Осталось разгадать, почему он написал письмо ко мне сейчас, авансом. Поразмыслив, я набрела на самую заурядную причину: в мае у отца начиналась очередная серия опытов в институте, и он знал, что времени у него не будет. Поэтому, пока оно есть, он должен был использовать его для дела, для письма, которое тоже труд, в отличие от простого разговора, — по крайней мере требует собранности, протертых носовым платком очков, света настольной лампы, бумаги, то есть всех атрибутов его божества...

Остальное я дочитала уже «среди гор», спустя полторы недели:

«Я оценил молодой задор, с которым ты обличаешь учителей своих. Верно, это камешек и в мой огород. Но твоя беда в том, что ты рассматриваешь различные явления, в частности лжеучительство, обособляя их от самой себя, ведь ирония — это и есть попытка обособить. Твоя ошибка: ты считаешь, что учителя присваивают твое драгоценное время, не будь их, мнится тебе, ты расцветешь, как пальма под солнцем. Это мнение неверное. Ты уже приискиваешь себе объяснение собственной несостоятельности, отсюда твое критиканство, отсюда бесплодная, слепая ирония. Ее отец — штамп (в склонности к оному ты пытаешься обвинить меня), мать — лень и поверхностность. Любого «учителя», любого человека в своей судьбе следует рассматривать в контексте личного душевного опыта и некой природно-божественной данности, к любому явлению надо подходить смиренно и, главное, терпеливо, не строить о нем поспешных умозаключений, приводящих к одной из самых разрушительных идей: если мир таков — значит, я буду таким же. Именно на этой зыбкой почве плодятся демоны пессимизма, которым надо твердо сказать: да, мир таков, учителя несовершенны, люди за редким исключением заурядны, но я буду таким, словно он исполнен радости и благородства. Прошу тебя, сохрани это письмо...» — заканчивал свое послание отец. Это «прошу тебя» вместо привычного «требую» поразило меня, как проявление отцовской слабости... Я свернула письмо и спрятала его в коробку с документами.

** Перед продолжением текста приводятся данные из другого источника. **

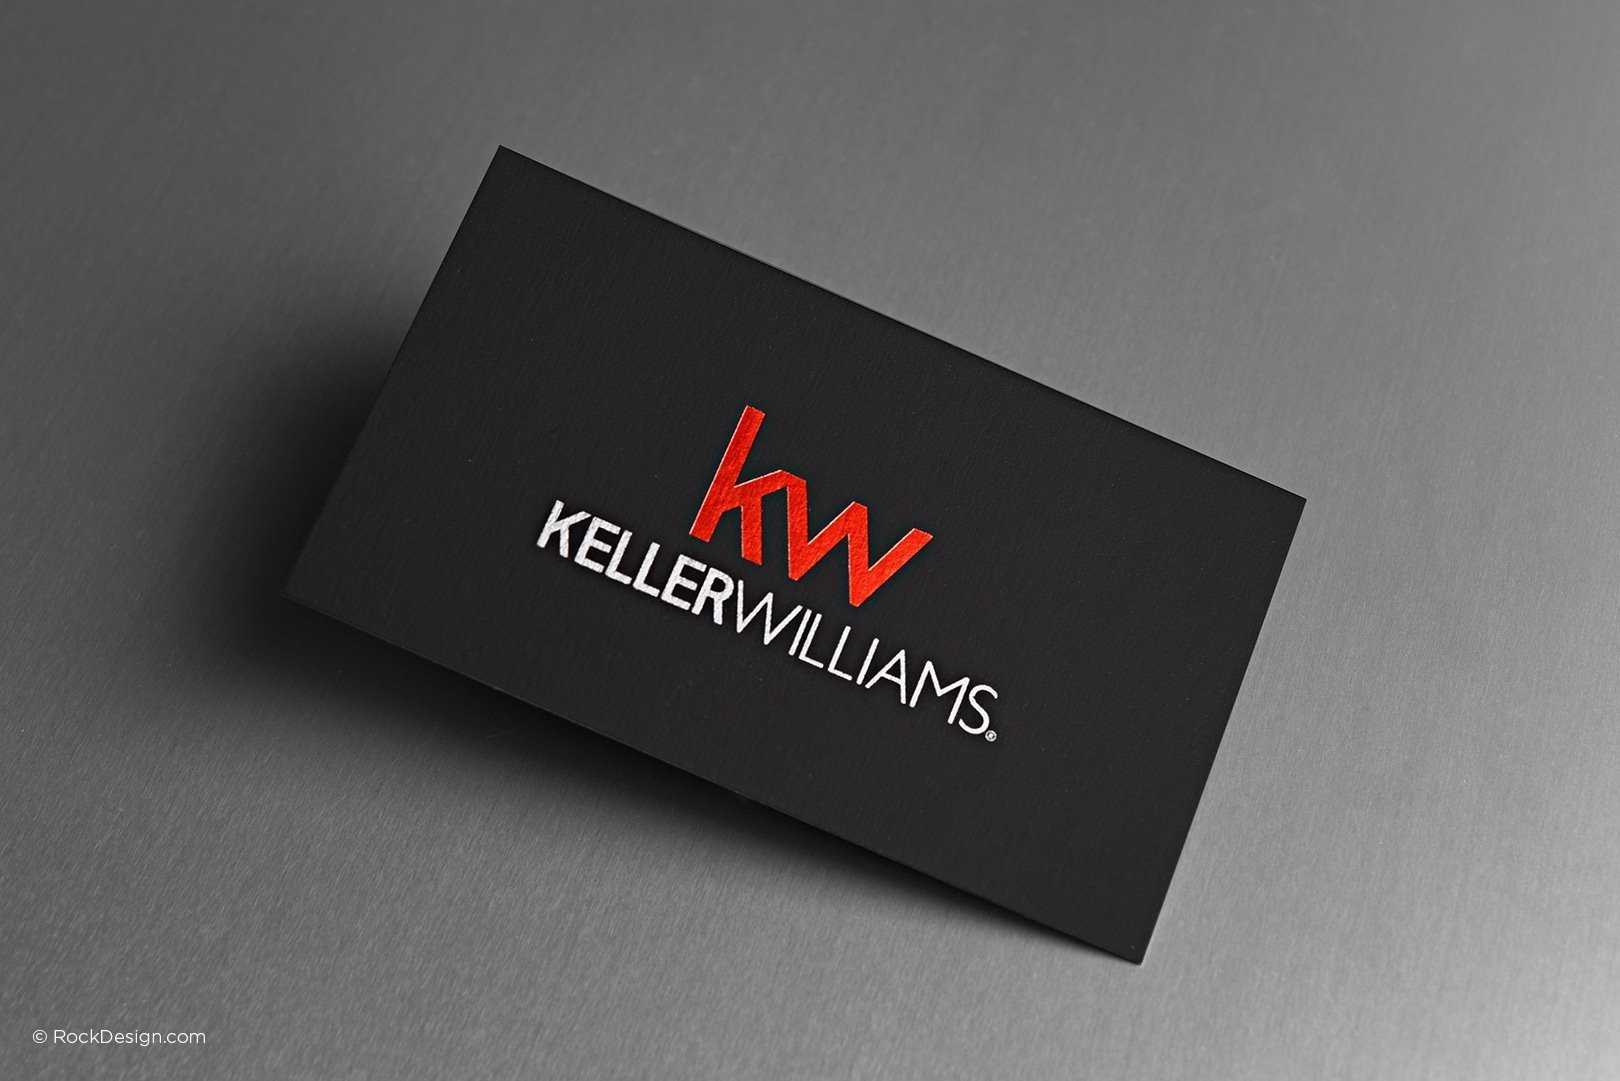 Free Keller Williams Business Card Template With Print Within Keller Williams Business Card Templates

Вечером в комнате подруги, у которой я остановилась в этот свой приезд в Москву, я писала письмо Коста.

Дом подруги стоит на берегу реки Яузы. Слово «берег» совсем не соответствует действительности, оно выжило по привычке, как и слово «Яуза-река» — эта издыхающая на глазах, продирающаяся сквозь заросли камыша, едва цедящая свои воды речонка, текущая в каменных берегах. Сегодня посредине ее я увидела мертвую дикую утку; отчего она погибла, не знаю, но умерла с достоинством, спрятав голову под крыло, чтобы не видеть собственной смерти, зарылась в свое последнее тепло — другое крыло распласталось по почти бездыханной воде, слабо и прощально перебиравшей перья... Эта умирающая река течет в нескольких десятках шагов от моего временного жилища, и люди, прогуливаясь вдоль нее, стараются не замечать ее судорожного больного дыхания среди упругих, мощно встающих на ее пути камышей.

Накануне я побывала в специализированном магазине «Рассвет», где, выполняя просьбу Коста, купила рельефную линейку, с помощью которой слепой может вступить в переписку со зрячим. Собственно, Коста меня и имел в виду. Так что эту линейку я приобрела как бы и для себя тоже. Я даже попробовала в темноте кое-что с ее помощью написать. Спустя какое-то время мне показалось, что мои пальцы обретают особую чувствительность, как будто к их подушечкам потихоньку стекаются с поверхности кожи самые чуткие рецепторы. Указательный, средний и безымянный начинают «прозревать». Это занятие увлекло меня, словно я пустилась в муравьиное путешествие сквозь запутанные травы оврага, проходя землю вниз головою — подушечками пальцев. Я ощущала в них биение крови, которая сквозь кожу пыталась прочесть обращенные к ней письмена, пульсацию нервных окончаний под броней ногтей.